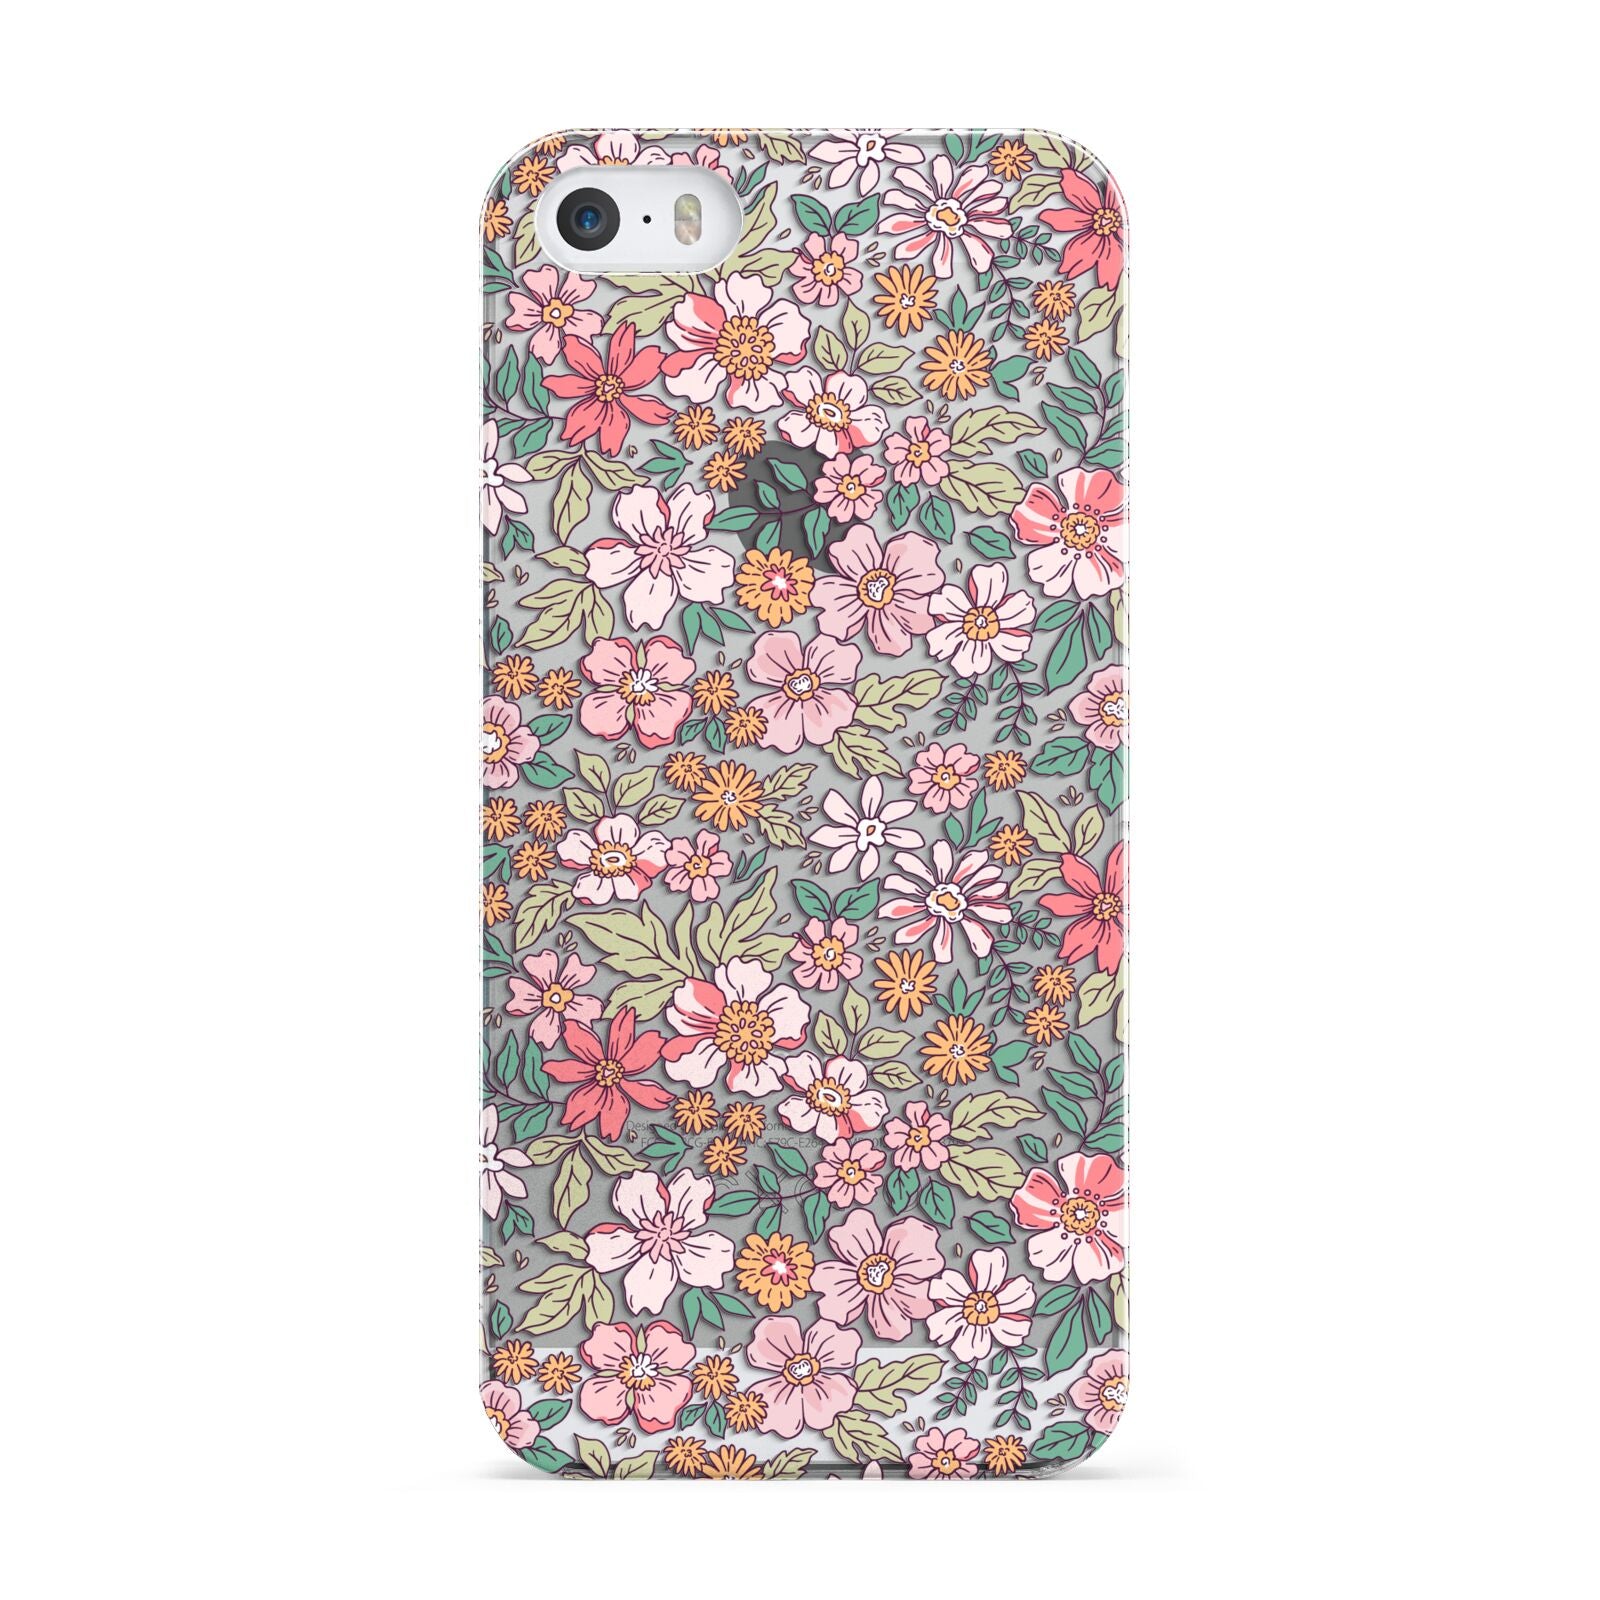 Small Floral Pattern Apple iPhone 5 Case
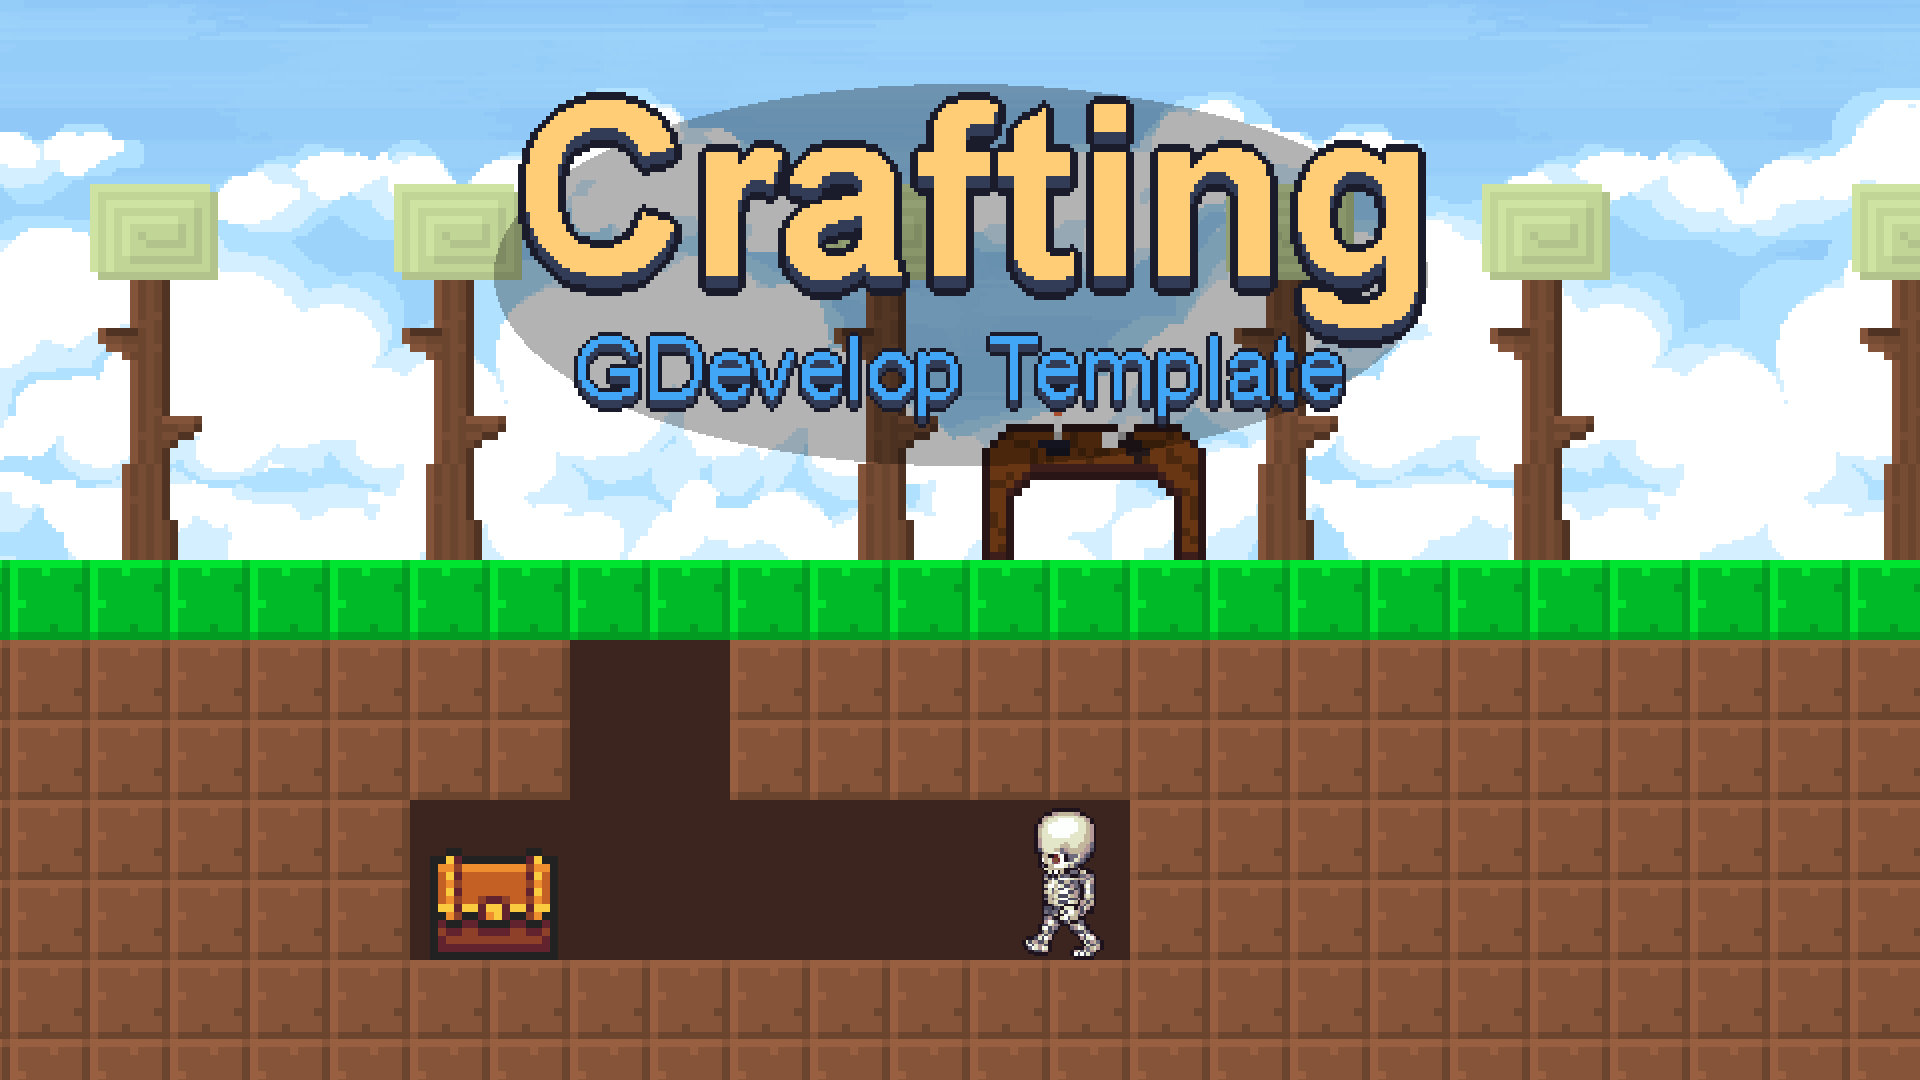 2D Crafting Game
--
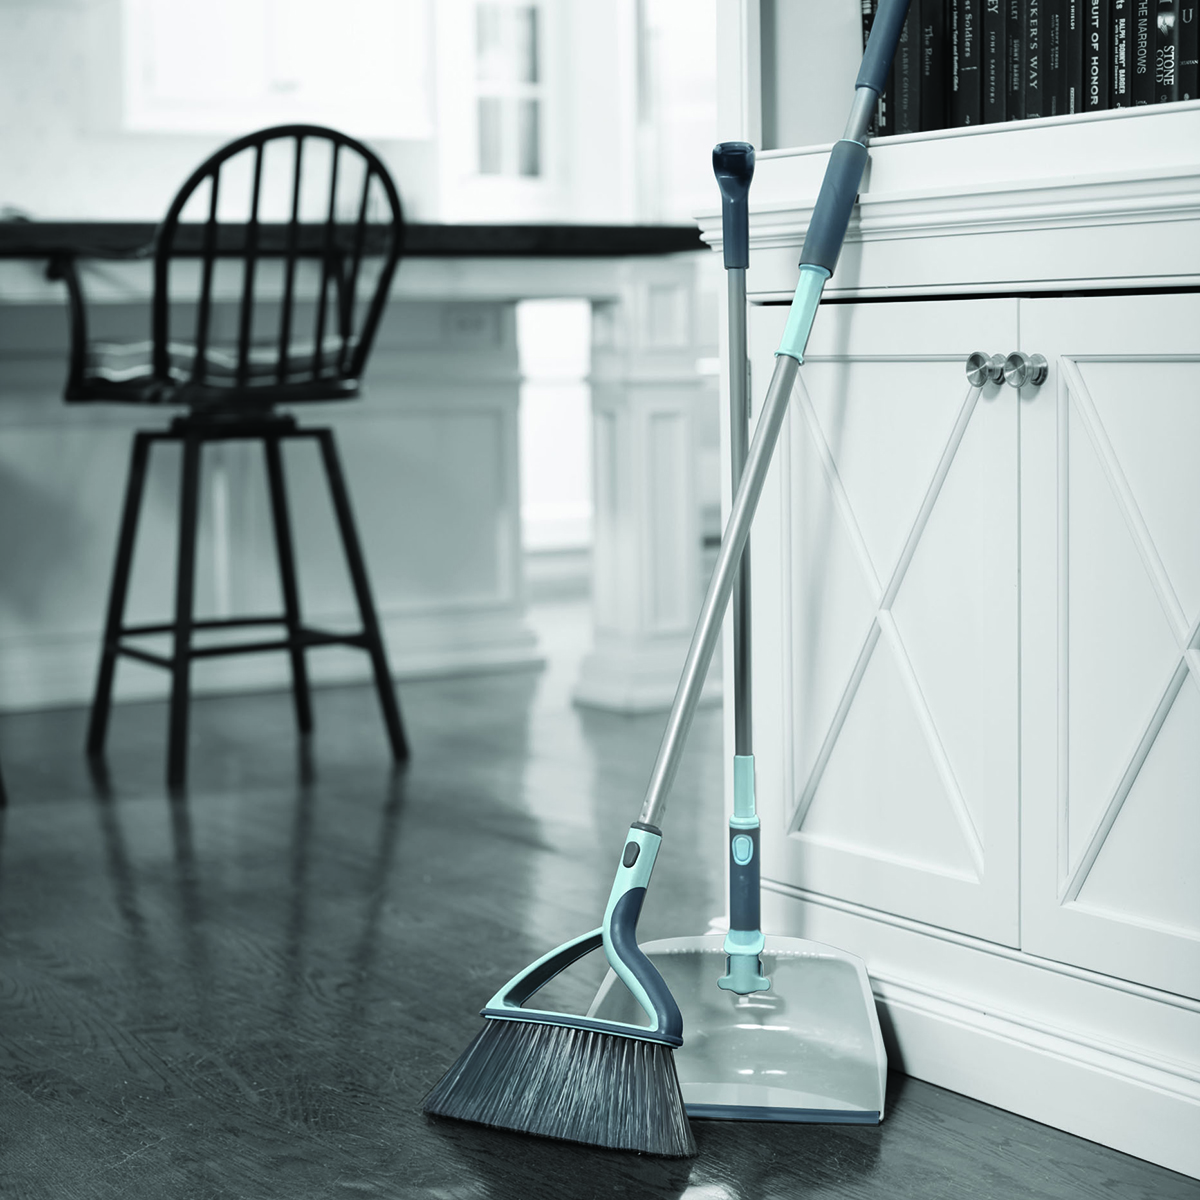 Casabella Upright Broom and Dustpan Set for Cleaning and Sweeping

#### How to complete this task
Both the line containing "Small Floral Pattern Apple iPhone 5 Case" and the line containing "2D Crafting Game" above belong in the output, as do the lines between them. Print them exactly, without pictures.

#### Answer box
 Small Floral Pattern Apple iPhone 5 Case
 2D Crafting Game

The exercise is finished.